Если у нас сейчас, даже по казенным данным, сидит около миллиона человек (во времена Олимпиады было втрое, очевидно, больше), то это значит, что сотни тысяч химиков трудятся сейчас на множестве строек страны, в самый трудный период каждой стройки — при закладках нулевого цикла, на земляных и бетонных работах. Это армия рабов в полном и точном смысле слова. Они прикреплены до окончания срока к месту, куда их привезли, без права перехода на другую работу. Они живут в специальных общежитиях, откуда выход — только на работу, а после нее — отпустит за продуктами (или не отпустит) дежурный надзиратель (прямо при каждом общежитии — специальное отделение милиции). Самые тяжелые, самые невыгодные материально работы — химикам, ибо вольные уходят с таких. До сих пор (не то чтобы законно, но всем известно) практикуются телесные наказания (дежурные бьют их в своих дежурках — за выпивку, за уход без спроса из общежития, просто, наконец, за то, что «показал зубы», как принято здесь говорить). В отпуск при безупречности поведения можно съездить домой — по специальному удостоверению, без которого милиция вернет обратно по этапу. Главное же — труд, труд и труд. Любой, какой нужен производству, независимо от твоей профессии. Рабство временное, но полное. Очень удобное для строек любых мастей. И в любой момент из лагерей привозится любое новое количество взамен освободившихся или возвращенных на зону. И они счастливы, химики, ибо в самом деле эта иллюзорная свобода (тратить зарплату самому на вольно покупаемый харч, украдкой выпить, найти женщину) — явное улучшение жизни. Разве не мечта — армия таких работников? И незримая здесь вьется ниточка от военных поселений Аракчеева, через несбывшуюся голубую мечту Троцкого о трудовых армиях (точный прообраз сегодняшних химиков) — к высказанной теперь Хрущевым (хоть и неосознанно, через совпадение) мечте о «химизации» всей страны. А ведь если чуть добавить законов, ограничивающих возможность уйти с работы на другую, чуть потуже затянуть петлю дисциплинарных взысканий — и мечта обернется явью.

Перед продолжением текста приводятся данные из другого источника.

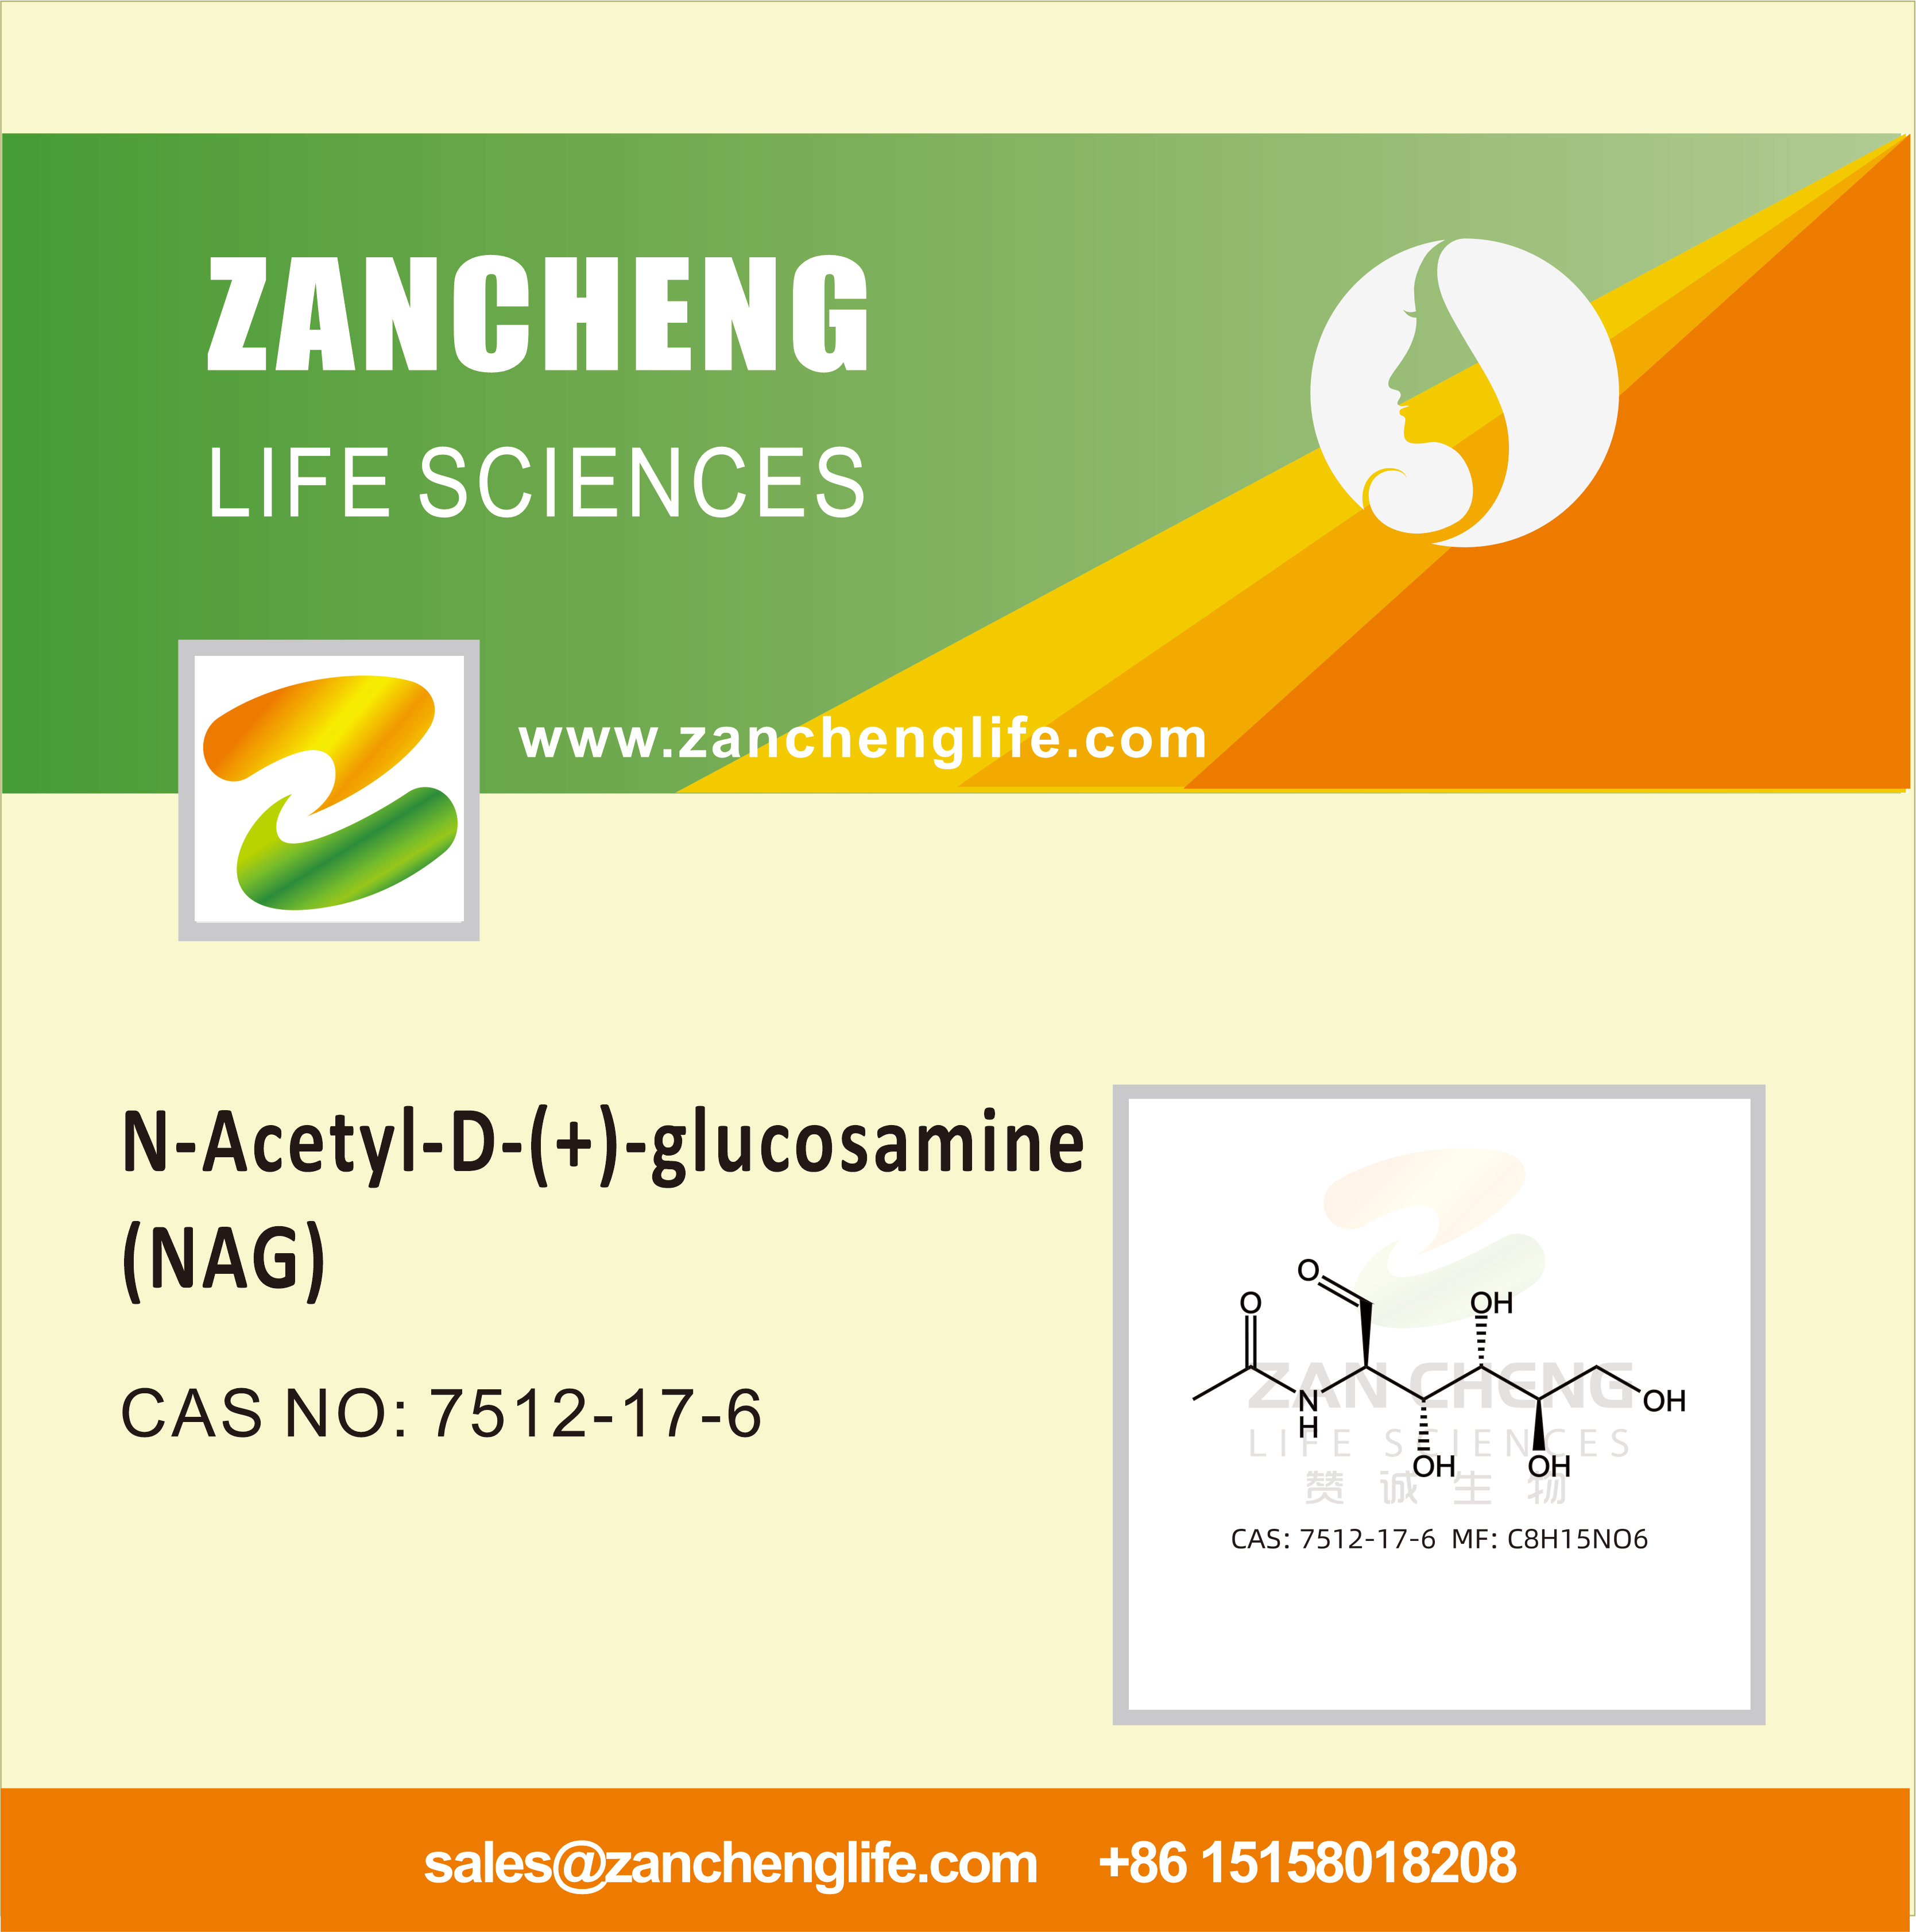 N-Acetyl-D-(+)-glucosamine (NAG)

Но вернемся, я забрался слишком далеко в эту близкую и заманчивую утопию.
Отсчитаем еще двенадцать лет. Семьдесят седьмой, вокруг него. Значимого явно здесь ничего нет Что же, периодика сорвалась? Ведь история свое течение не остановила (хоть и кажется иногда, оглядываясь вокруг, что замедлилось, если не стало вовсе течение жизни). По инерции непременной событийности каждого двенадцатого года лихорадочно начинаешь думать, споткнувшись. Сразу спешу сознаться, что ничего приметного я найти не сумел. И друзья, которых спрашивал, не нашли. А ведь что-то было, наверно. И одна только есть у меня мысль, подтвердить ее лишь будущее сможет, а почерпнута она — из прошедшего, если от революции 1905 года двинуться вспять в минувший век (где она, вроде, отсутствует, периодика эта, но однако…). Если отсчитать назад сразу двадцать четыре года — выплывает событие яркое в достаточной степени: убийство царя Александра Второго, путы крепостного рабства сбросившего с России, так что было не простое цареубийство. А двенадцать лет спустя (мы это теперь лишь можем оценить) — неприметно тогда ни для кого перебрался из Самары в Петербург никому в ту пору не известный молодой Владимир Ульянов. Вот о чем-то подобном я и думаю, когда гадаю о пробеле в периодике.
Но, однако, далеко же я отвлекся, занимаясь лишь одним из совпадений. Правда, крупным — некой гармонией тайной, гармонией, определяющей взрывы хаоса. А еще ведь совпадений — тьма, и калибров невообразимо различных. Я выискиваю их всегда, замечаю, обыгрываю при случае. Убеждал приятелей, что основа прочности семьи — совпадение, существующее в моей: год рождения моей жены — это размер моей обуви, и наоборот: размер ее туфель — мой год рождения. Смеялись. Но ловил я в глазах смеявшихся отсвет чувства, всегда тревожащего меня: вдруг и вправду что-то есть за совпадением? Таял промельк этот, снова смех — уже смешок скорее над собой, что на миг поверил и задумался — и опять смыкался привычный, ко всему равнодушный скепсис, скорлупа, в которой так удобно жить. Вот еще, кстати, одно воздействие совпадений: на мгновение они протыкают уютный и непрозрачный купол реальности, и в прокол этот льется воздух той загадочности, коей сверху донизу переполнено наше мироздание. Оттого так ценят совпадения и игру с ними именно мистики всех мастей. Только разве не загадочно и впрямь (или Бог так ироничен и насмешлив?), что именно деньги динамитного изобретателя Нобеля служат премиями тем, кто более других сделал для духовного единения человечества? Или что именно Сахаров, создатель водородной бомбы, вручивший ее в самые безответственные в мире руки, стал символом пробудившейся российской совести? Меня такие совпадения — завораживают и волнуют безмерно. Очень в них непростая загадка.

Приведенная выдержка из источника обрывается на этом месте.